Historical coverage data seems like a use case where this could make sense. In particular, if the goal is to minimize the infrastructure required like providing random access to the coverage data in terms of (revision, path, suite), searchfox could handle fetching per-revision archives from long-term S3/whatever. These would only be accessed once by any given searchfox server (they turn over 2x a day), although the web-servers could also make some effort to propagate recently-accessed immutable data to their successors.

Yes, we are storing the reports in a bucket on GCS. We could make the bucket publicly readable, or give you credentials to access it.

Oh, other two important features we would need to add to Searchfox in order to retire the coverage frontend would be: 1) coverage graph showing the evolution of coverage over time; 2) directory coverage.

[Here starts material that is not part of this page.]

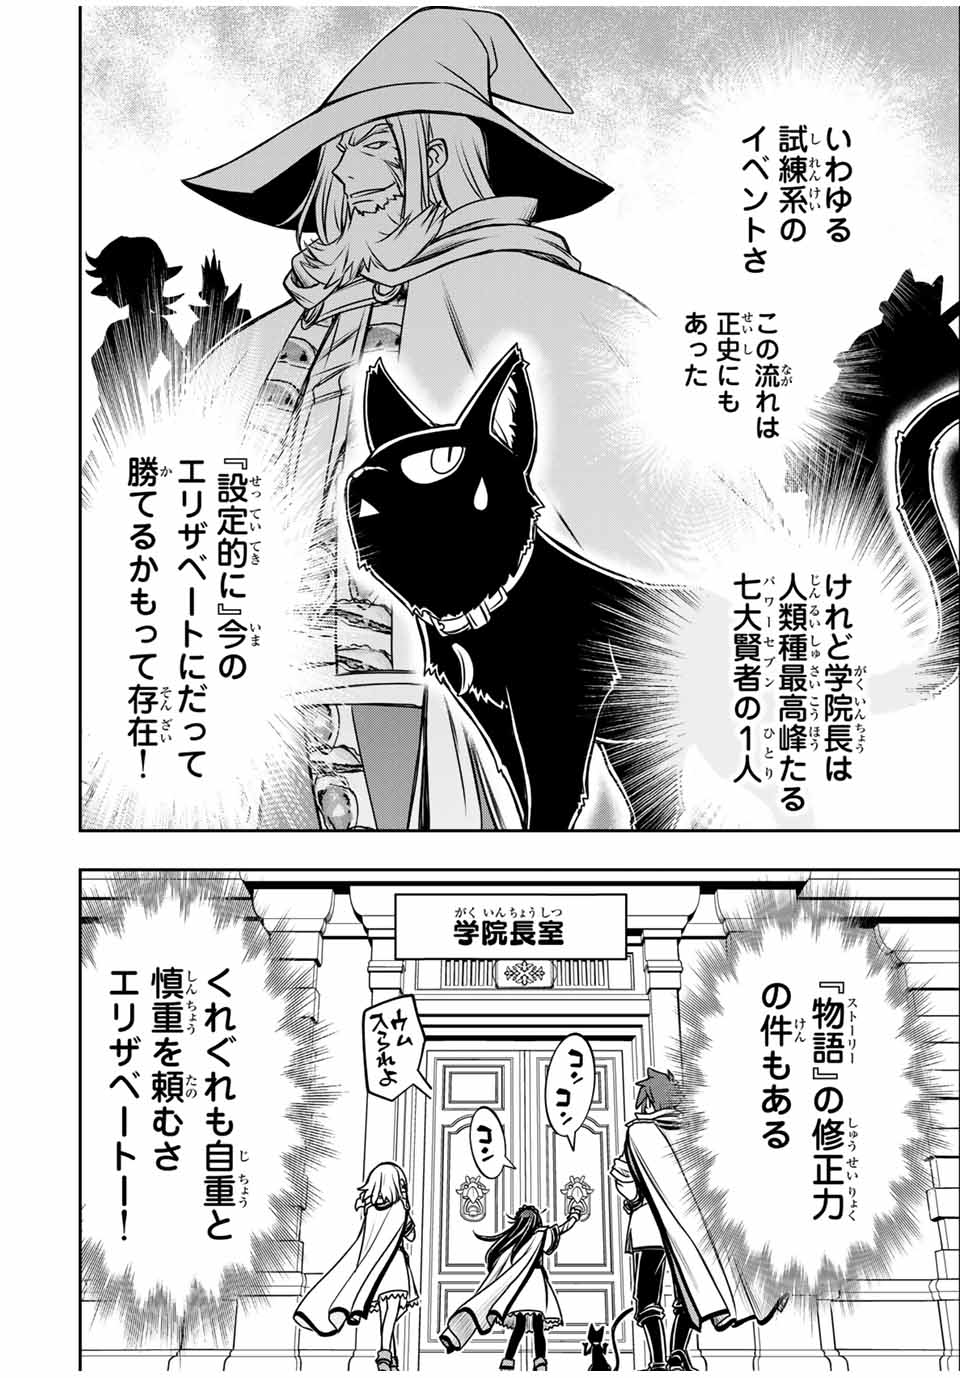 Nengan no Akuyaku Reijou (Last Boss) no Karada wo Teniiretazo!  - Chapter 24 - Page 16

1. coverage graph showing the evolution of coverage over time;

I expect there are probably use-cases and/or workflows related to this. Can you point me at where they might be (potentially newly) defined? In particular, for the token-centric hyperblame stuff I'm creating some first-class derived information where it could potentially be useful to have coverage deltas baked into the history repo too, but I want to be sure I understand the existing use-cases.

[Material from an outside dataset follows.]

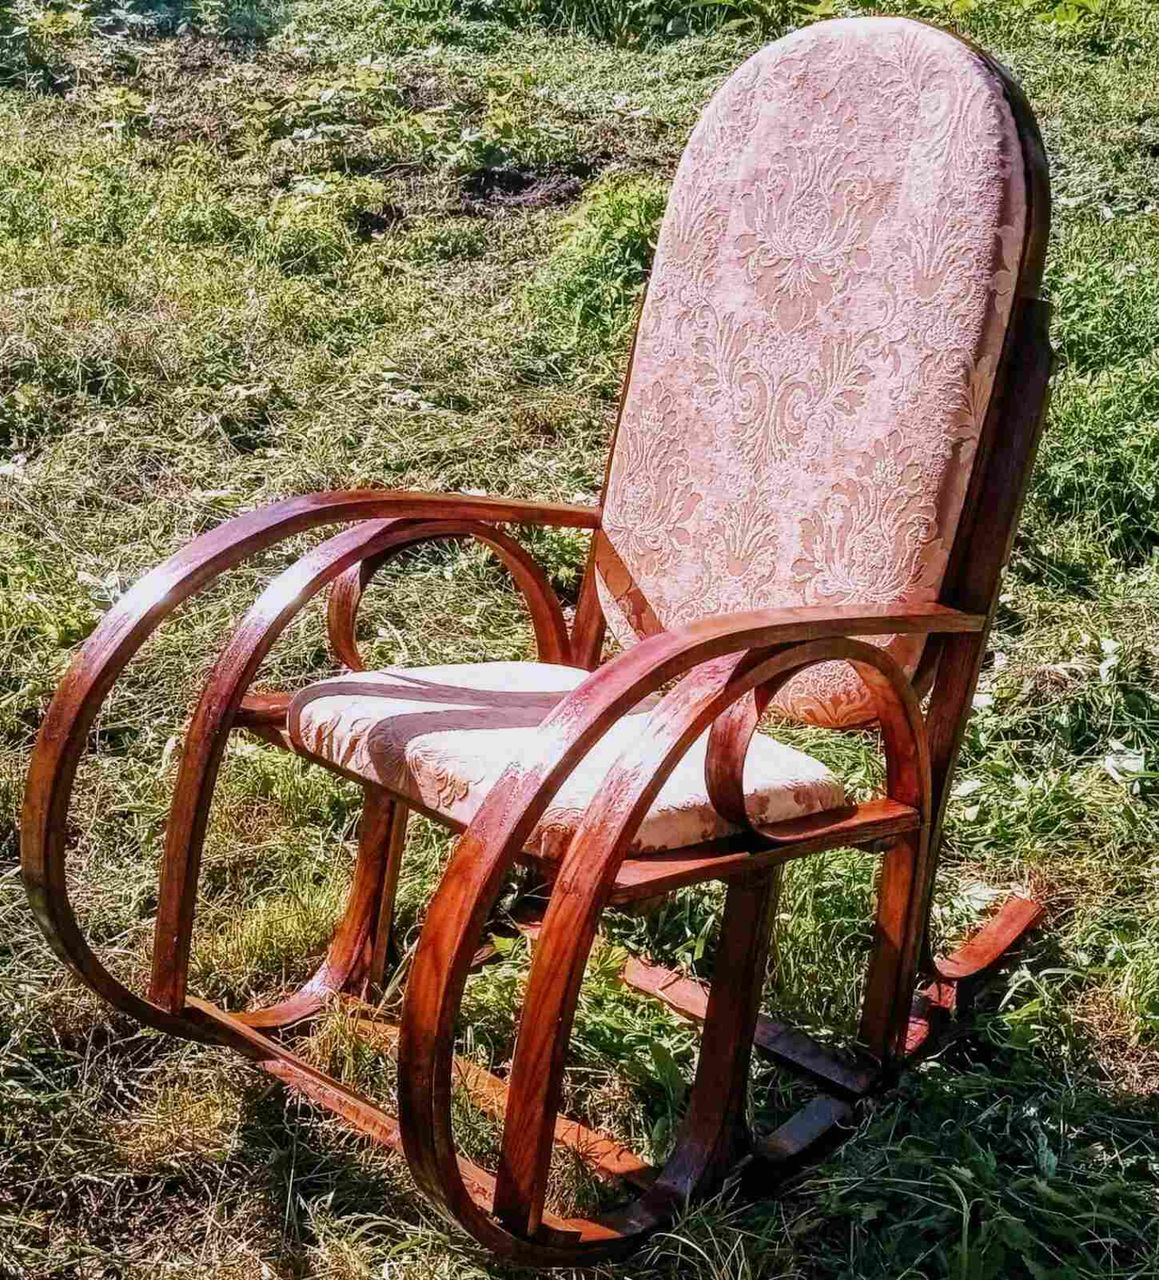 Кресло качалка на олх

History/Coverage Fusion Thinking Out Loud

If we're processing the coverage data as we process the history, we can potentially correlate the data so we can potentially further categorize the coverage. Like we can know "this new code landed with coverage", "this new code landed without coverage", "this modified/existing code lost coverage", "this modified/existing code gained coverage", and "this modified/existing code retained coverage". We could then have numbers for the different categories potentially allowing for filtering predicates to highlight these changes as well as badges on commits so people can ambiently know if the changes had coverage or not.

The major caveat of course is that this only works easily if we have coverage data on a per-commit basis. Practically speaking, I don't know that we can get data on a per-commit basis both for cost reasons and because it's questionable whether there's any benefit to trying to get coverage data at a sub-push granularity. That said, machinery could exist to perform targeted coverage backfills into autoland to help provide more data when necessary.

Given how the current history and imminent token-centric history processing works, it seems like the most sane way to deal with not having per-commit coverage data would be to effectively run the history logic where we fold all commits between coverage datapoints into a single commit so that the logic has an easier time of it. Having what amounts to a separate history tree could make sense here if we would want to apply searchfox's general blame trick to be able to do "show me the build/stack of patches where we lost/gained coverage for this line".

In any event, I guess this sounds like:

something interesting where it would be great to have use-cases
where we'd really need https://github.com/mozilla/code-coverage/issues/1047 and the general coverage aggregation reliability to be fixed if we're going to consume its output for a first-class feature.
something that should come after my initial token-centric hyperblame landing and first few rounds of improvements anyways rather than something that is integrated while I'm finishing that up. Practically speaking, it will take several rounds of moved code detect enhancements for correlated coverage data to be useful anyways. We'll also have a better understanding of the disk usage and performance characteristics of the changes there which could inform any further consideration of more coverage-related features.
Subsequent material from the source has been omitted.